■ Given entries ■
################

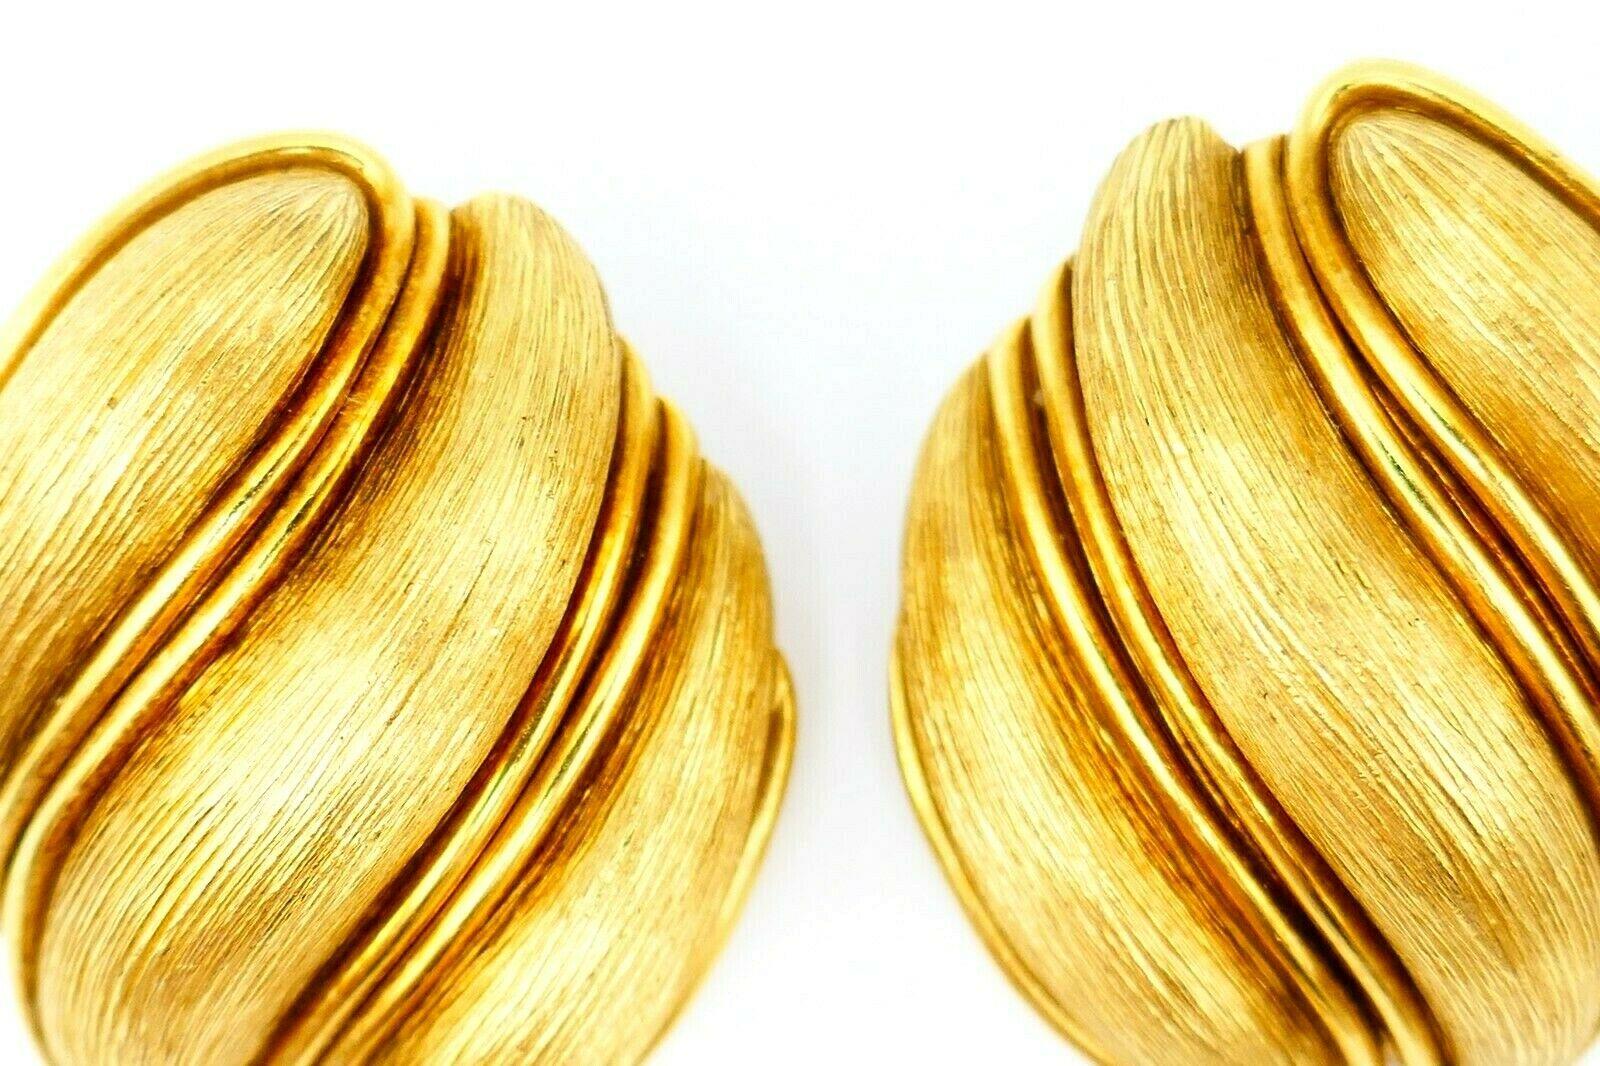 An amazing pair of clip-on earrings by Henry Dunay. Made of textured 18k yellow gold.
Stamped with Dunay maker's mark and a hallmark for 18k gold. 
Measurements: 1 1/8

################

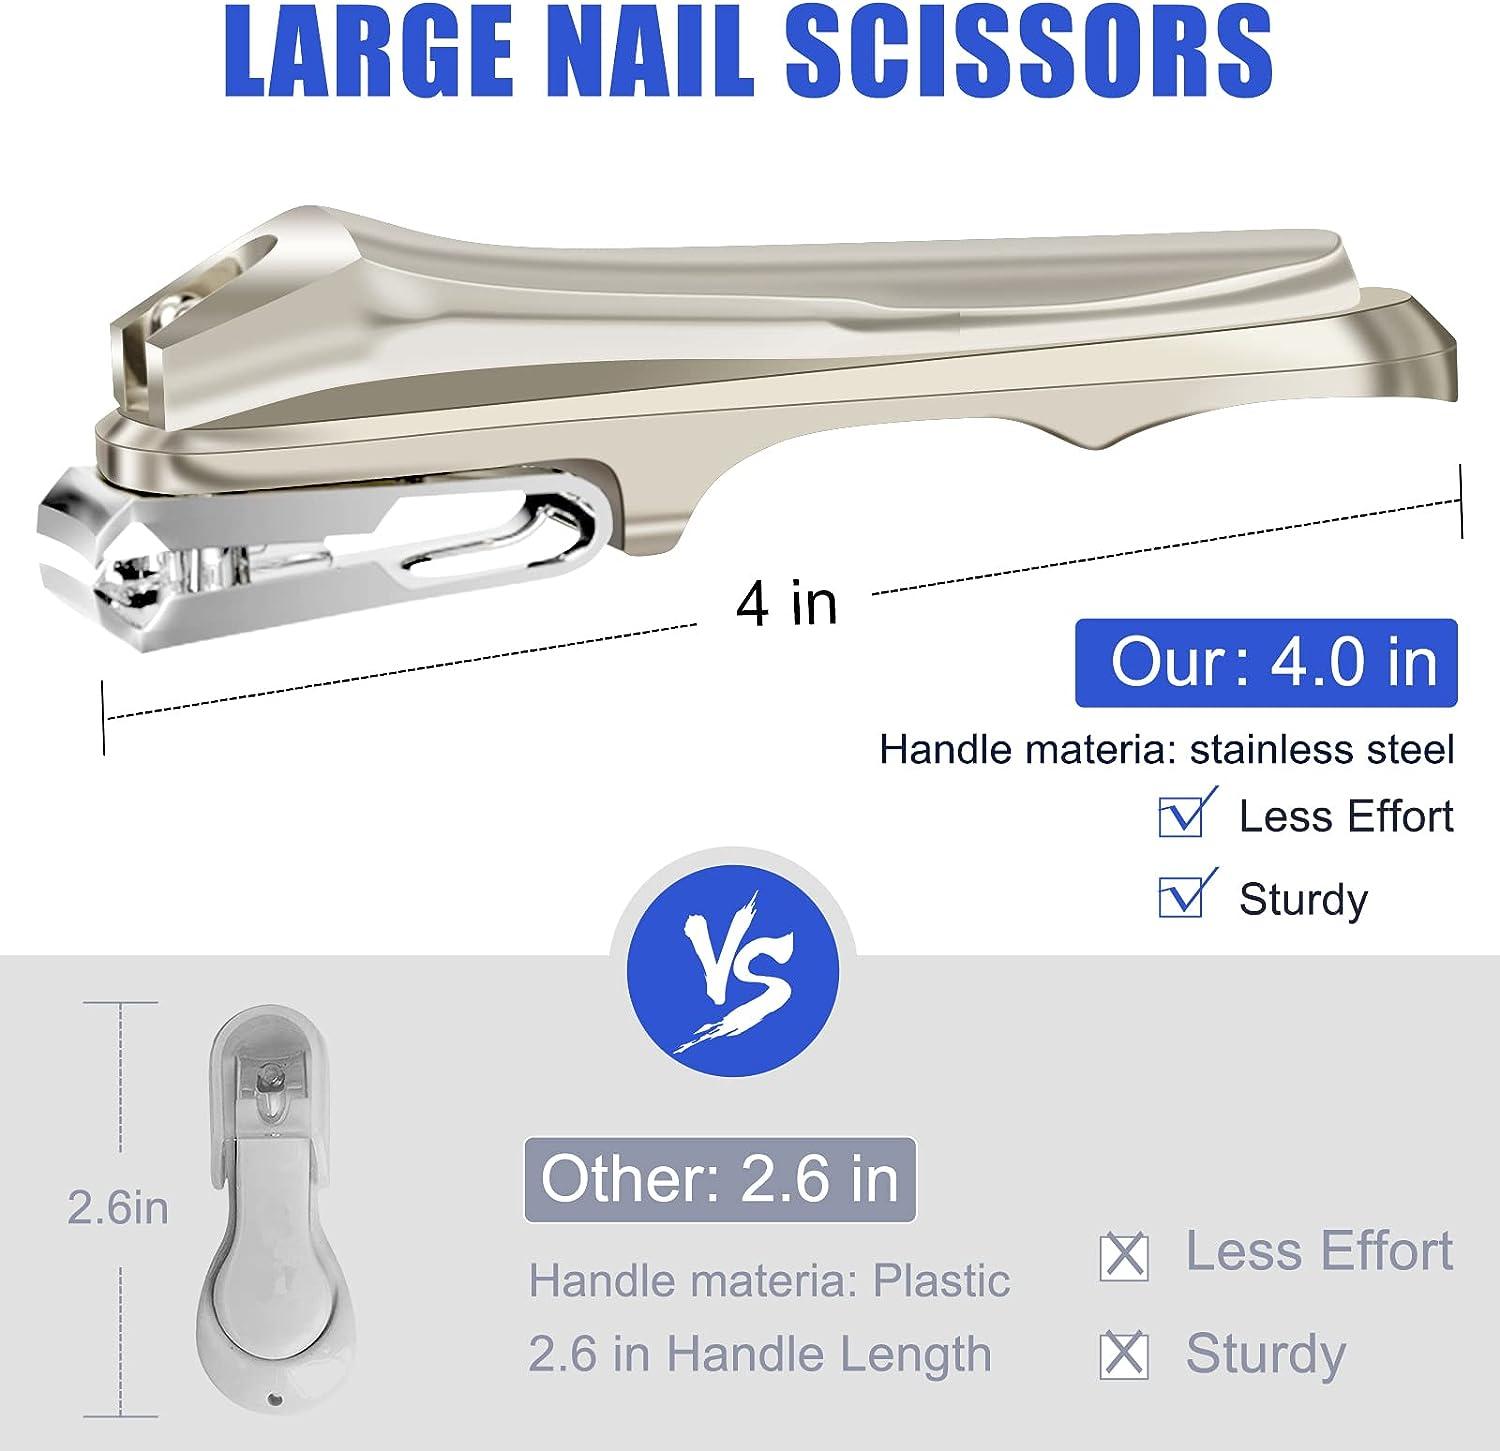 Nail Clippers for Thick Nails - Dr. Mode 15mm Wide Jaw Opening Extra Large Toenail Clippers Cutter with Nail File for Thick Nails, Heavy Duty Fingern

################

■ Prompt ■
Working from the records above, write out verbatim only the lines from the line containing "Stamped with Dunay" through the line containing "Measurements: 1 1/8".

■ Expected answer ■
Stamped with Dunay maker's mark and a hallmark for 18k gold. 
Measurements: 1 1/8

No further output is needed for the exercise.